In interpreting this section Chakravartti, J. (afterwards Chakravartti, C.J.), observed in Jagabhandu Nandi v. Siraprosad Bhattacharjya And Ors.53 C.W.N. 629 (vide supra):

I am content to refer to the decision reported in the case of Nasrat Khan v. Deb Nath Nali75 C.L.J. 255 where the matter is dealt with at p. 261 of the report. There it has been held by Mukherjea and Biswas,JJ., that the source of jurisdiction of a Munsif was the order made by the local Government under Section 13(1) of the Bengal, Agra and Assam Civil Courts Act and that order made by the District Judge of the station under Section 13(2) merely distributes as a matter of convenience, and with reference to certain local areas, the civil business amongst two or more Courts, each of which has jurisdiction over the whole area It is pointed out farther that in such cases neither of the Courts loses jurisdiction which it has under the Government order under Section 13(1) of the Act.

11. In my view the same principle should also be applied in the present case, and in the absence of specification, all labour courts must be deemed to have jurisdiction over matters specified in Schedule II, including amatter under Section 33C(2) of the Industrial Disputes Act. The jurisdiction of labour courts flows from Section 7 read, with Schedule II of the Industrial Dispute's Act and even in the absence of specification they would have jurisdiction under Section 33C(2) of the Act.

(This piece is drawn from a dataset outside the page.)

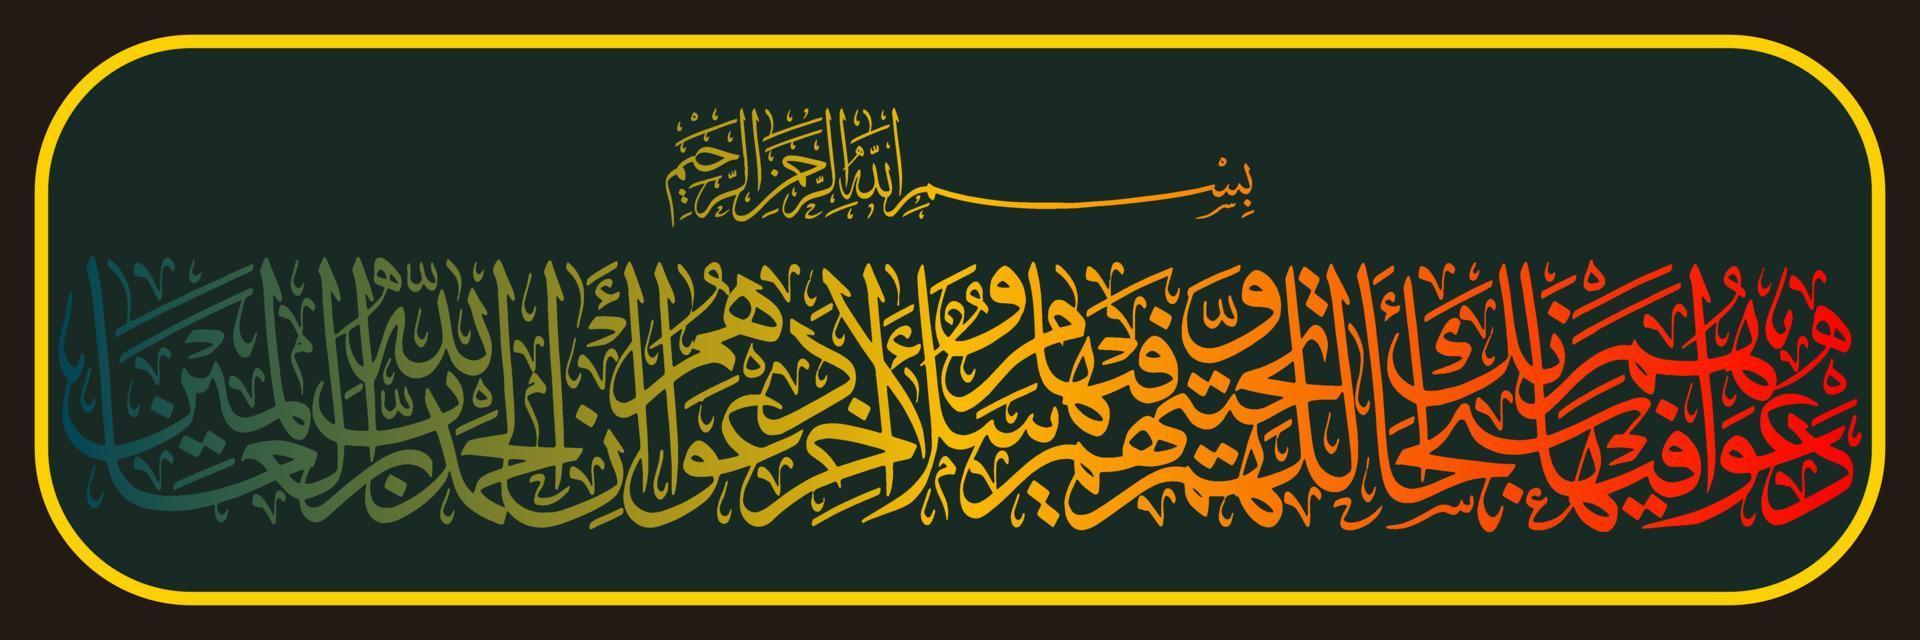 caligrafia árabe, alcorão surata no versículo 10 de yunus, traduziu sua oração nele é, abençoado seja você, ó nosso senhor, e sua saudação é, a paz esteja com você. e o encerramento de sua oração é, vetor

12. In the result, I hold that the second labour court was wrong in refusing to entertain the application in exercise of its jurisdiction, for the reasons it did, and I quash the order.

13. This rule is made absolute, with costs against respondents 1 and 2.

14. The second labour court is directed to hear and determine the application under Section 33C(2) of the Industrial Disputes Act according to law.

15. Let a writ of certiorari and a consequential writ of mandamus issue accordingly.